What We Learned From Talking to Data Security Experts

What We Learned From Talking to Data Security Experts

Since we’ve been working on the blog, Cindy and I have chatted with security professionals across many different areas — pen testers, attorneys, CDOs, privacy advocates, computer scientists, and even a guru. With the state of security looking more unsettled than ever, we decided it was a good time to take stock of the collective wisdom we’ve absorbed from these pros.

The Theory of Everything

A good place to begin our wisdom journey is the Internet of Things (IotT). It’s where the public directly experiences all the issues related to privacy and security.
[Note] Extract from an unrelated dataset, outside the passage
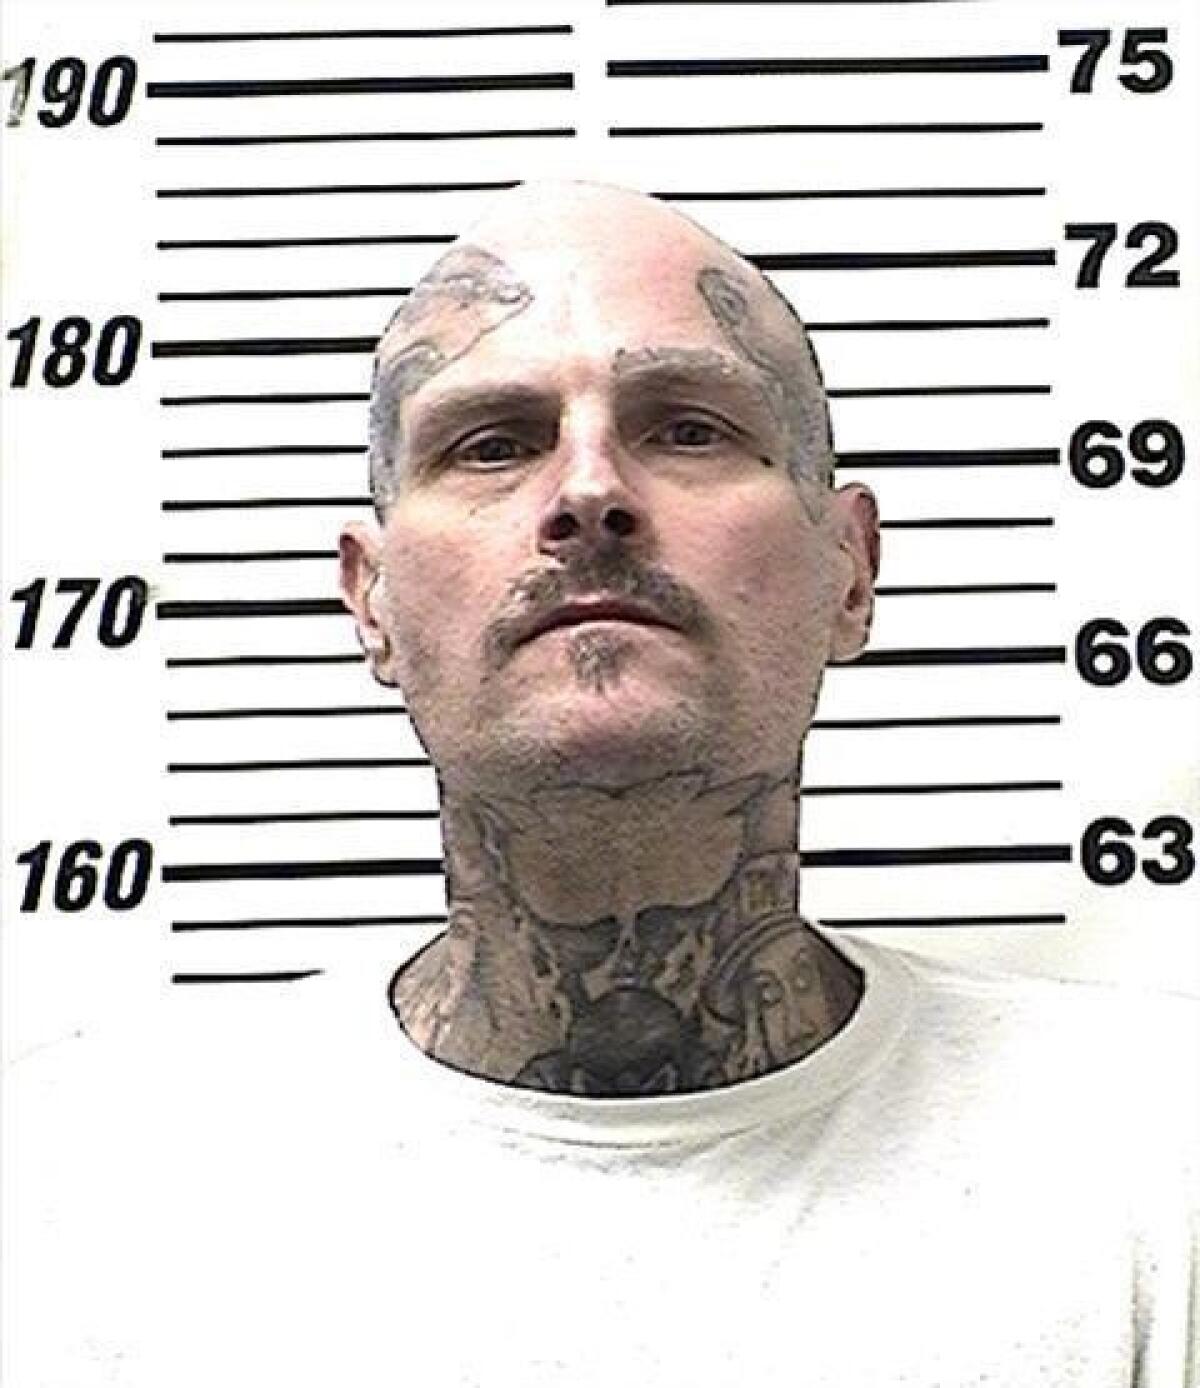 Brant Daniel, a member of the Aryan Brotherhood prison gang, agreed to plead

We had a chance to talk to IoT pen tester Ken Munro earlier this year, and his comments on everything from wireless coffee pots and doorbells to cameras really resonated with us:

“You’re making a big step there, which is assuming that the manufacturer gave any thought to an attack from a hacker at all. I think that’s one of the biggest issues right now is there are a lot of manufacturers here and they’re rushing new product to market …”

IoT consumer devices are not, cough, based on Privacy by Design (PbD) principles.

And over the last few months, consumers learned the hard way that these gadgets were susceptible to simple attacks that exploited backdoors, default passwords, and even non-existent authentication.

Additional help to the hackers was provided by public-facing router ports left open during device installation, without any warning to the poor user, and unsigned firmware that left their devices open to complete takeover.

As a result, IoT is where everything wrong with data security seems to show up. However, there are easy-to-implement lessons that we can all put into practice.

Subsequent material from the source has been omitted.